Harvard Drug Study of FDA Deadlines Finds Increased Recalls

Recalled pharmaceutical drugs such as Vioxx, Bextra, Rezulin, and Baycol all were approved by the United States Food and Drug Administration (FDA) under speedy approval deadlines enacted in 1992 according to a Harvard study published in today’s New England Journal of Medicine. The New England Journal Article discusses the deadlines enacted in 1992 that required FDA approval of drugs within 12 months for most drugs submitted by pharmaceutical companies for sppedy approval and within 6 months for drugs designated as high priority for potentially life saving benefits. The speedy approval deadlines for most drugs was tightened to 10 months in 1997. Under the 1992 legislation the drug companies paid millions of dollars to the FDA for the speedy approval and the FDA was financially penalized if the drugs were not approved on schedule.
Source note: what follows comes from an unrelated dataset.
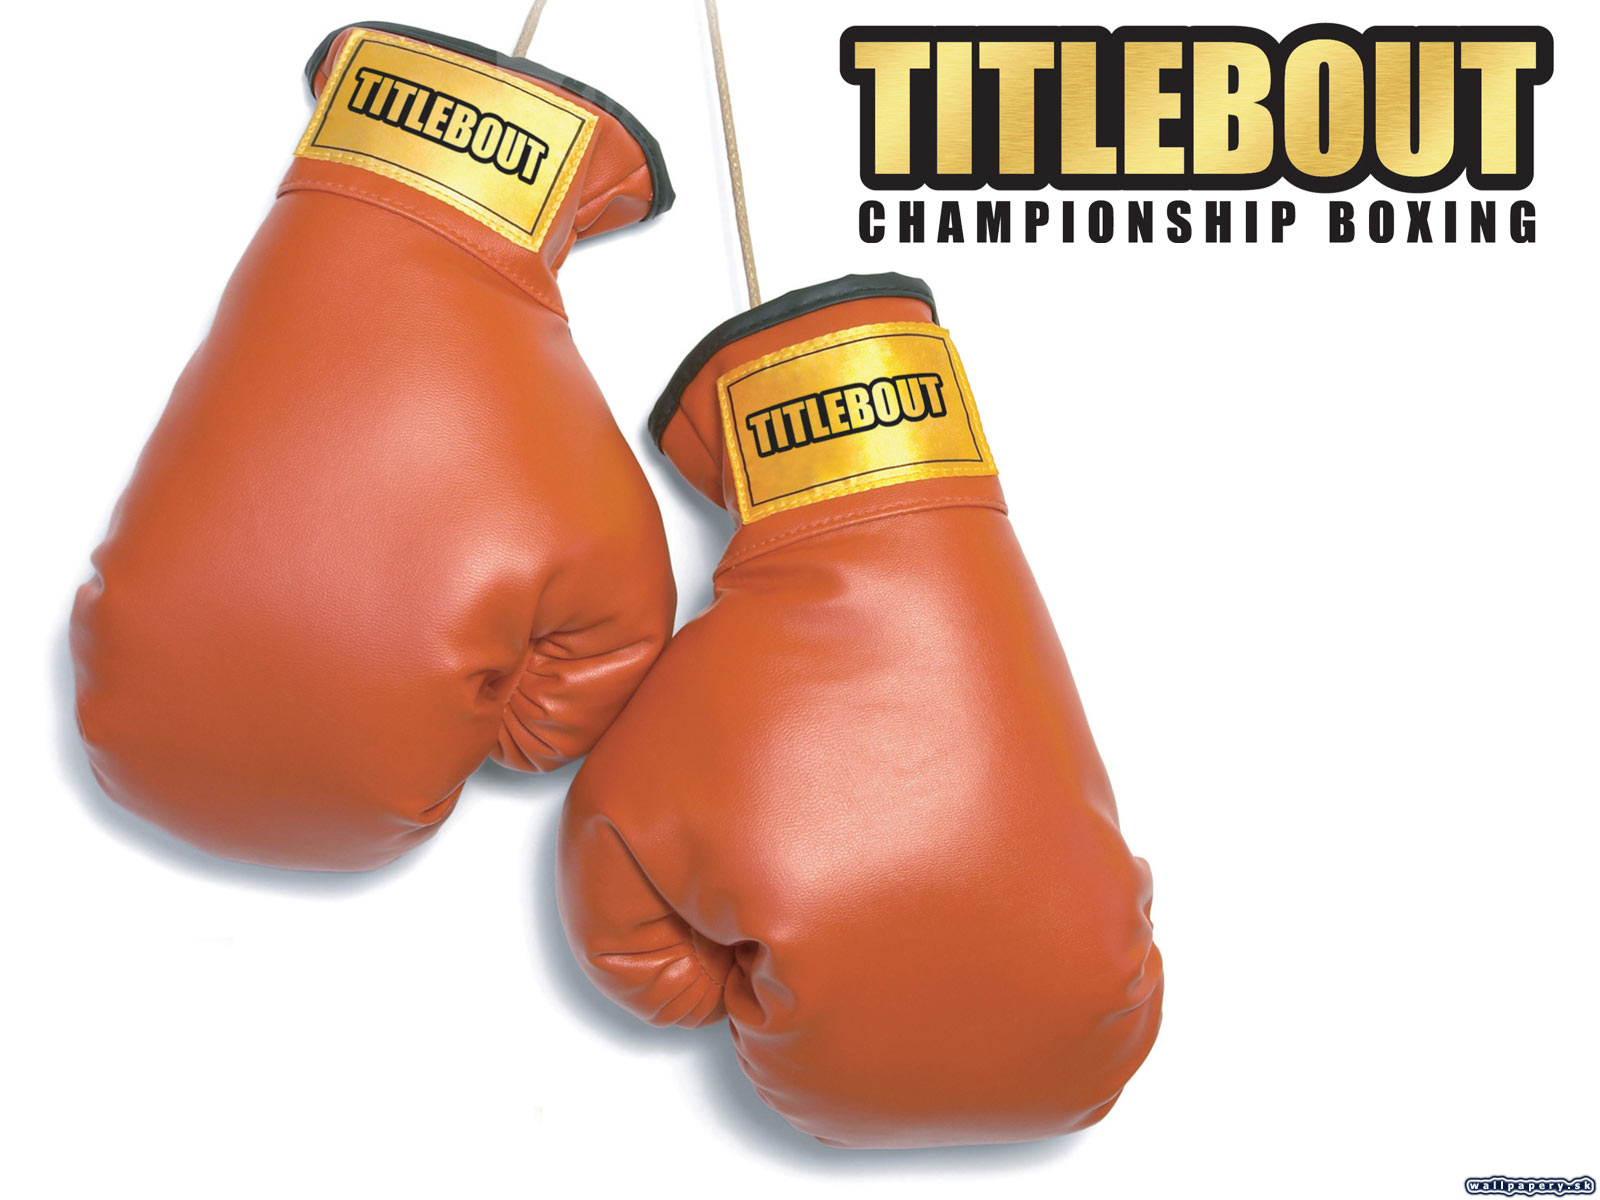 Title Bout Championship Boxing - wallpaper 1

This created a financial incentive for the FDA to approve a drug that might not be safe for the public in my opinion.
Harvard professor Daniel Carperter found that approval of drugs was 3.4 times more likely in the two months before the user fee deadline than at any other time. The study also found that drugs approved in the just before deadline time frame had a four to five fold rate of later being withdrawn or requiring additional later safety warnings.
This New England Journal article raises important public policy questions about the wisdom of the current FDA speedy approval rules that subject the FDA to financial penalties if it delays approval of a drug that may have a public health risk.